── Records for the exercise ──

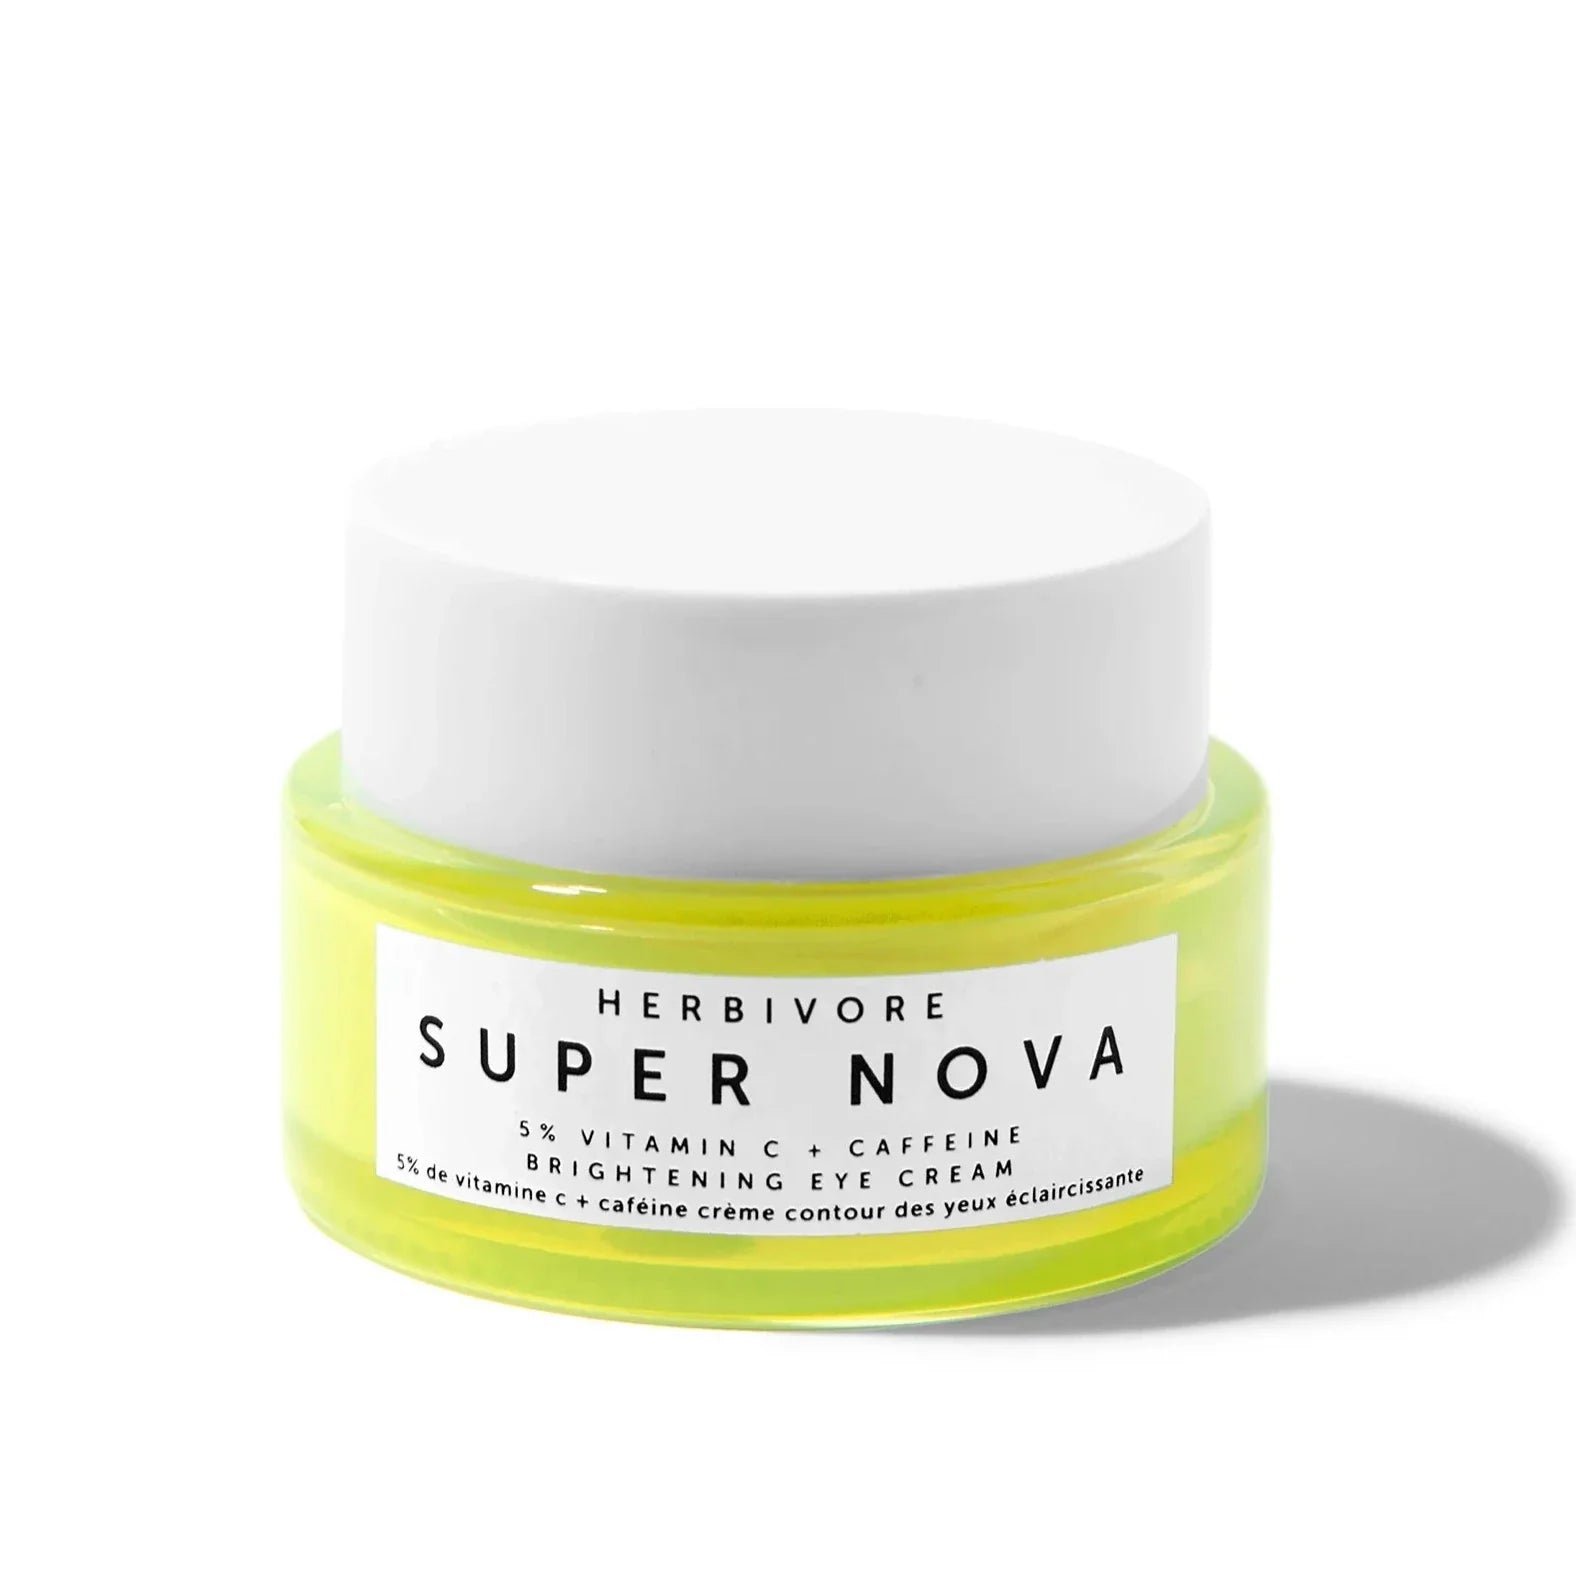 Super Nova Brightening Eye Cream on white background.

───
── Records for the exercise ──

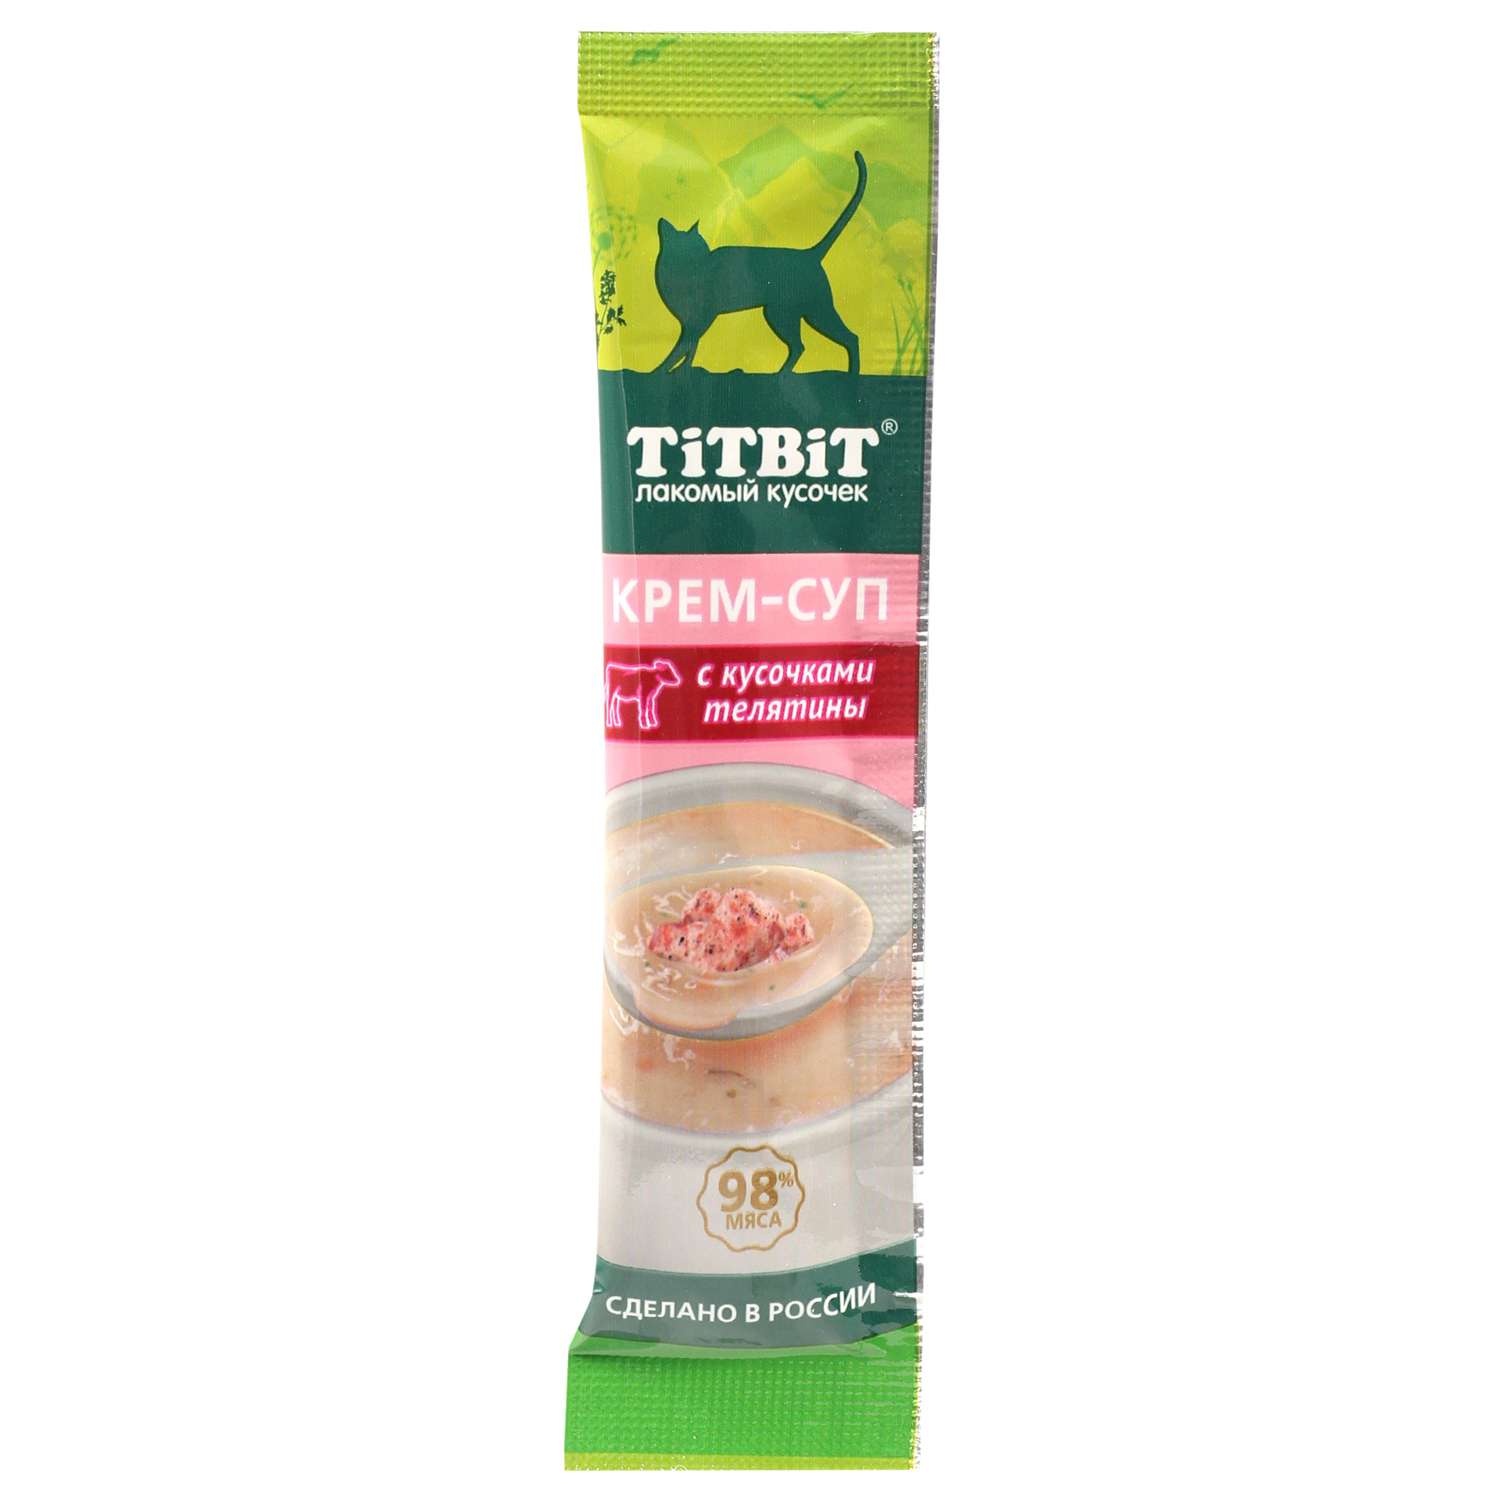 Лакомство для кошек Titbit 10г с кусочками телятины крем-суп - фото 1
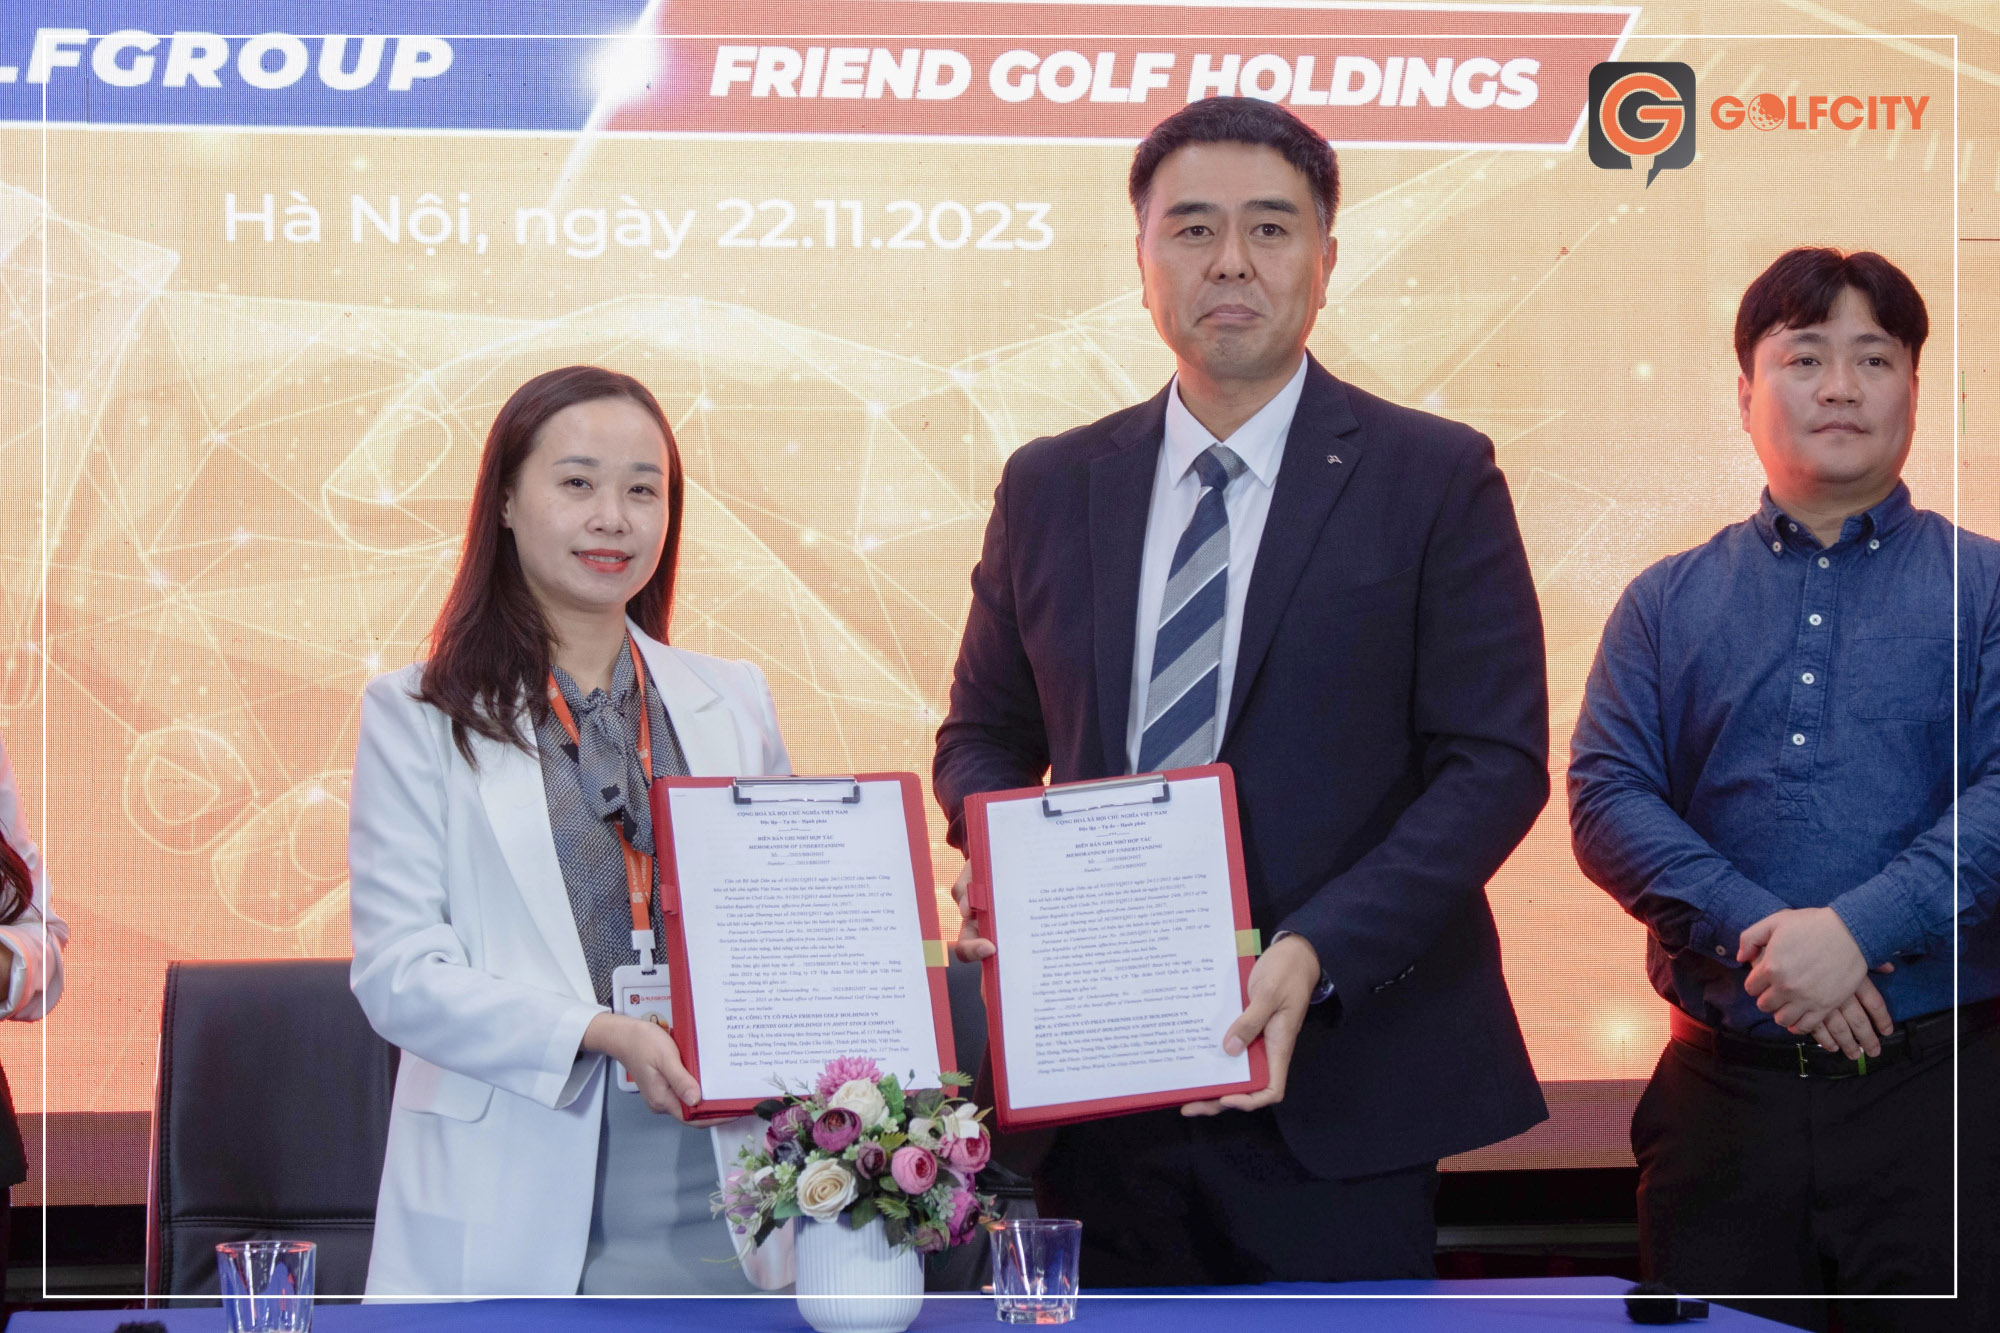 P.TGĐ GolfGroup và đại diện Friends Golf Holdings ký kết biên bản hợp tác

───
── Records for the exercise ──

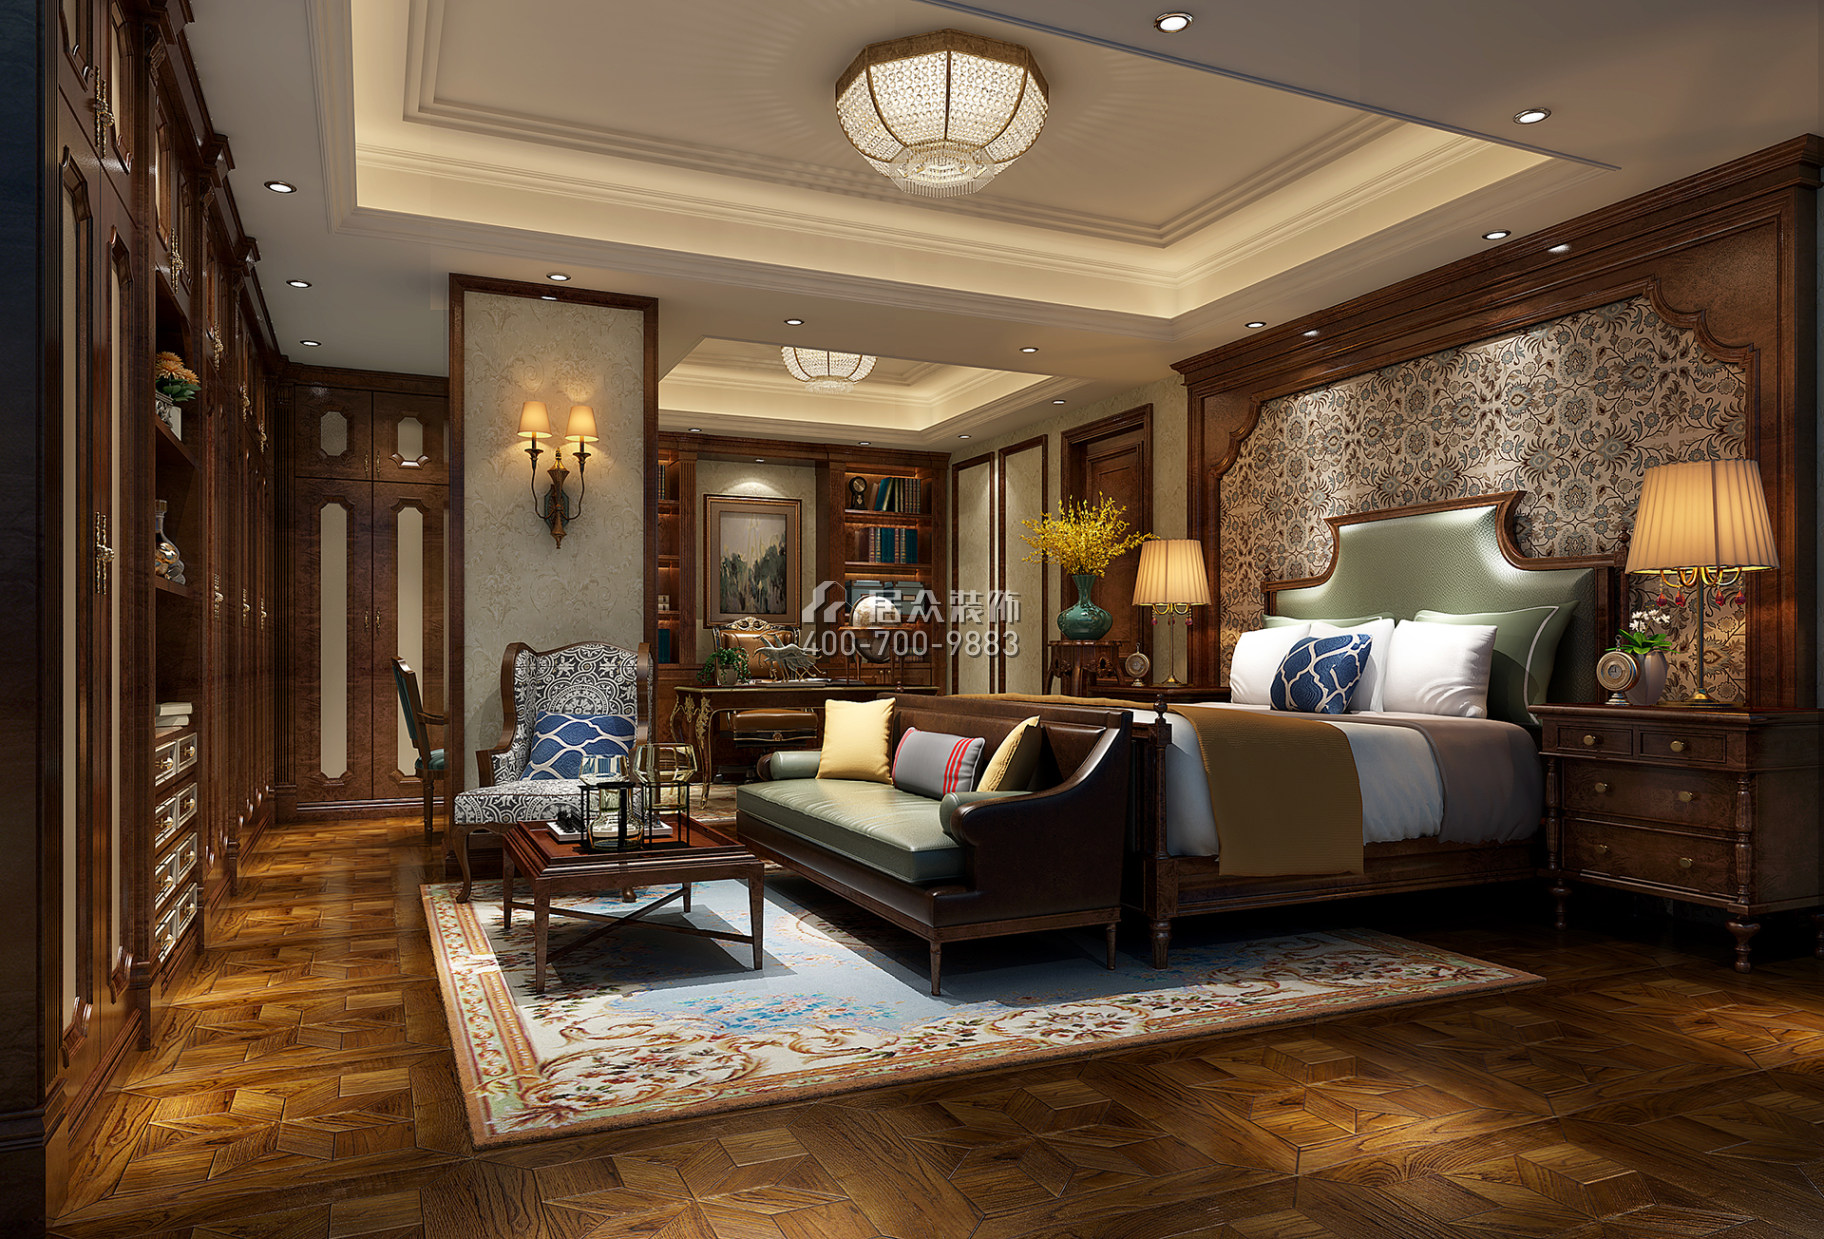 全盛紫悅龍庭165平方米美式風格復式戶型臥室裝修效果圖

───

◆ Exercise prompt: From the records above, quote word for word only the lines beginning at the line that has "Лакомство для кошек" and stopping after the line that has "P.TGĐ GolfGroup và". Omit the pictures.

◆ Reply:
 Лакомство для кошек Titbit 10г с кусочками телятины крем-суп - фото 1
 P.TGĐ GolfGroup và đại diện Friends Golf Holdings ký kết biên bản hợp tác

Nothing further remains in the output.